One hundred forty-seven thousand four hundred thirty patients underwent revisional/conversional procedures. After applied exclusions, 58,777 patients were available for analysis. The HA group had a significantly (P < .05) higher prevalence of being black (22.95% versus 17.76%), renal insufficiency (1.08% versus .36%), smoking history (9.47% versus 6.91%), chronic obstructive pulmonary disease (COPD) (2.54% versus 1.33%), and history of deep vein thrombosis (DVT) (4.03% versus 2.3%). Postoperative complications associated with HA included perioperative blood transfusion (3.1% versus 1.27%; P < .001), 30day readmission (10.87 versus 6.77%; P < .001), 30day reoperation (4.9% versus 3.18%; P < .001), and 30day mortality (.40% versus .14%; P < .0001).

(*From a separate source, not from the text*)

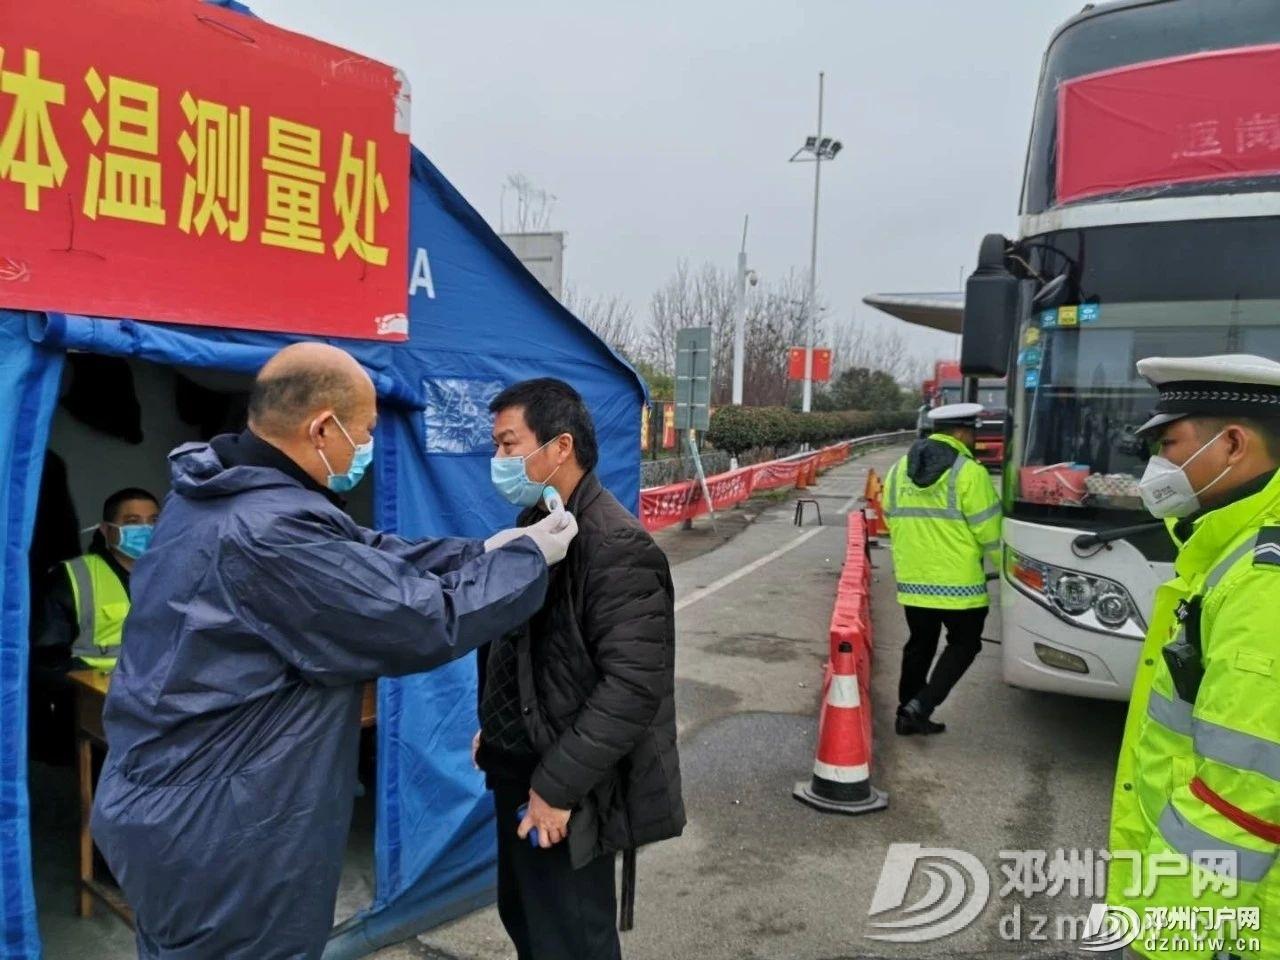 最新!关于邓州桑庄高速外出、返回流程... - 邓州门户网|邓州网 - bce48bc3446d20f4252b3f73ae5c4fa0.jpg

HA was a significant predictor of 30day readmission in the RYGB versus VSG matched cohort (odds ratio [OR], 1.30; 95% confidence interval [CI], [1.14, 1.48]; P < .001).

CONCLUSIONS

HA is a risk factor requiring attention for patients undergoing revisional/conversional bariatric surgery and optimization of nutritional status or medical comorbidities associated with HA prior to bariatric surgery may help avoid postoperative complications.

摘要

背景

低蛋白血症(HA)是择期减重手术后发生严重并发症的一个危险因素。接受修正/转换减重手术的患者可能代表了一个更高风险的群体,他们通常有潜在的合并症和更复杂的手术。

目的

本研究调查了接受修正/转换减重手术的 HA 患者的术后并发症。

设置

代谢和减重外科认证和质量改进计划(MBSAQIP),2015-2019 年。

方法

使用 MBSAQIP 数据库评估 2015 年至 2019 年间接受非带修正/转换减重手术的患者。根据血清白蛋白(≤3.5g/dL)对患者进行分类。通过双变量分析和多变量回归评估变量。进行倾向评分匹配以比较胃旁路术(RYGB)和袖状胃切除术(VSG)。

结果

147430 例患者接受了修正/转换手术。经过排除,58777 例患者可供分析。HA 组黑人的比例明显更高(22.95% vs. 17.76%),肾功能不全(1.08% vs. 0.36%)、吸烟史(9.47% vs. 6.91%)、慢性阻塞性肺疾病(COPD)(2.54% vs. 1.33%)和深静脉血栓形成(DVT)病史(4.03% vs. 2.3%)。与 HA 相关的术后并发症包括围手术期输血(3.1% vs. 1.27%;P<0.001)、30 天再入院(10.87% vs. 6.77%;P<0.001)、30 天再次手术(4.9% vs. 3.18%;P<0.001)和 30 天死亡率(0.40% vs. 0.14%;P<0.0001)。HA 是 RYGB 与 VSG 匹配队列中 30 天再入院的显著预测因素(比值比[OR],1.30;95%置信区间[CI],[1.14,1.48];P<0.001)。

结论

HA 是接受修正/转换减重手术患者需要关注的一个危险因素,在减重手术前优化与 HA 相关的营养状况或合并症可能有助于避免术后并发症。